Nur, en önemli sorunlardan birinin temizlik görevlisi istihdamı olduğu belirterek şunları söyledi:
"Okullarımızdaki temizlik görevlisi istihdamı, sınıfların çok kalabalık olması, yeterli derslik olmayışı, bütün sınıflar kalabalık olması önemli sorunlardan. Hatta okul müdürleri çaresiz olarak okulların laboratuvarlarını, okulların kütüphanelerini, okulların bilgisayar sınıflarını dershaneye çevirmişler, sınıflardaki öğrenci sayılarını azaltmak için. Bu durum tabi okulun sadece öğretim yapan bir kurumu dönüştürülmesi demek. Eğitim pedagojik alanda zayıfladı onun içinde Milli Eğitim Bakanlığı'nın kısa süreçte mutlaka çok sayıda derslik yani okul yapıp eğitim öğretimin hizmetine sunması lazım. Yine o okullarımıza kadrolu öğretmen atanması gerekiyor hala Milli Eğitim Bakanlığı birçok okulda eğitim öğretim hizmetlerini ücretli öğretmenlerle sürdürüyor, benim çalıştığım okulda bile 3'te 1’i ücretli. 30 öğretmen varsa 10 tanesi ücretli öğretmen bu ücretli öğretmen arkadaşlar da çok az ücretli aynı normal bir öğretmenin yaptığı görevi yapıyorlar onun için onlar da çok mağdurlar."

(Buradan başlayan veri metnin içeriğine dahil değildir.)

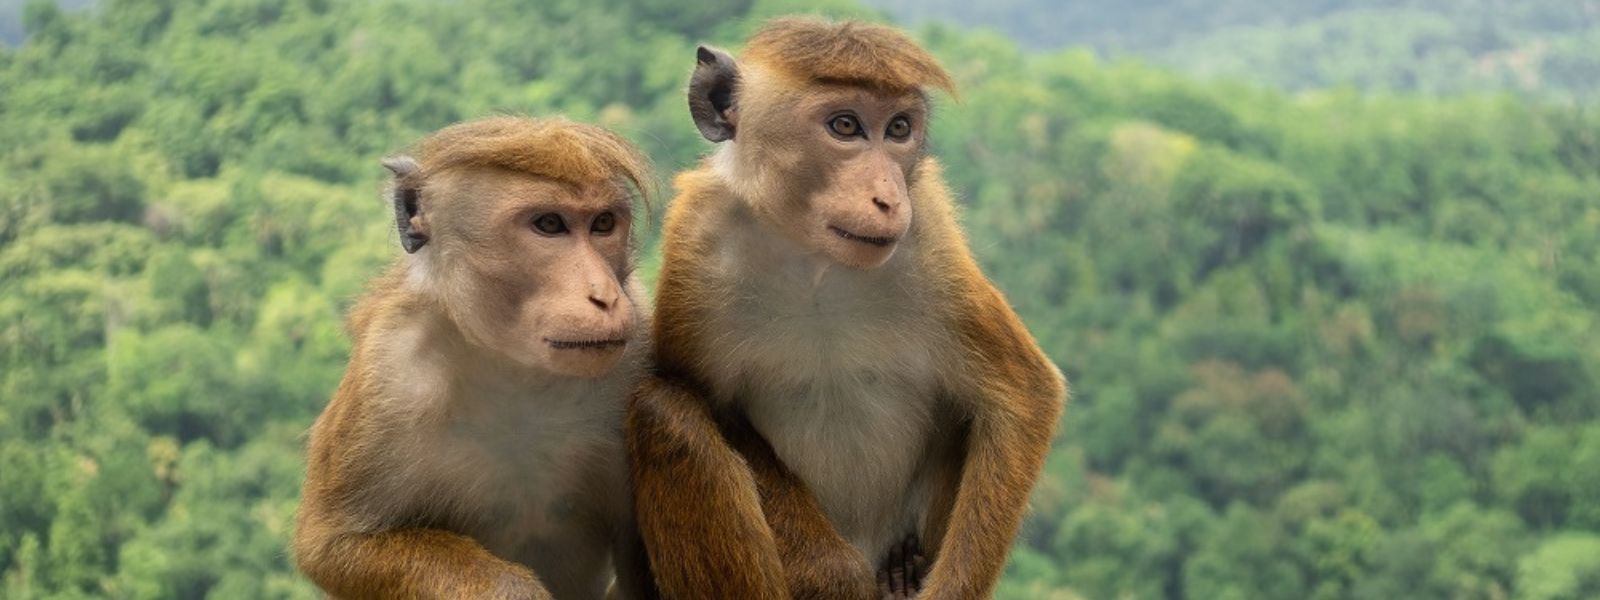 Sri Lanka's monkeys to be exported to China?

"ÖĞRENCİLER VE VELİLER ARASINDA AYRICALIK YAPILMASINI ŞİDDETLE REDDEDİYORUM"
Okul ziyaretleri sırasında neredeyse bütün müdürlerinin dert yandığını belirten Nur, "Bütün okul müdürleri bize dert yanıyorlar. "Bize bırakıldı okullar yeterince destek alamıyoruz" diye. Okulların kaynağı yetersiz, okul aile birliklerinin kaynakları yetersiz. Okul müdürleri ister istemez bizim de hiç doğru bulmadığımız tedbirler alıyorlar" dedi.
Nur konuşmasını şöyle sürdürdü:
"Sınıflarda öğrencilerin velileriyle iletişim kurup onlardan çocuklarınızı şu öğretmene veriyoruz o sınıfta okuyacak dolayısıyla okul aile birliğine şu kadar bağış yaparsanız sizin çocuğunuzu şu öğretmene veririz diye okulda öğrenciler arasında ayırımcılık yapılıyor. Öğretmenlerin sınıfları arasında ayırımcılık yaşanıyor. Okul idaresi de ekonomik kaynak yaratmak için ekonomik durumu iyi olan öğretmenlerden bağış toplayabilmek için böyle hiç pedagojik olmayan, hiç eşitlikçi olmayan bir eğitim uygulamasına uygun olmayan bir yönteme başvuruyorlar. Okullarımızda öğrenciler arasında veliler arasında ayırımcılık yapıp ekonomik kaynak sağlamak için ayrı sınıflar, özel proje sınıfları adı altında çeşitli ayrıcalıklı öğrencilerin eğitim gördüğü sınıfların yaratılmasını şiddetle reddediyorum."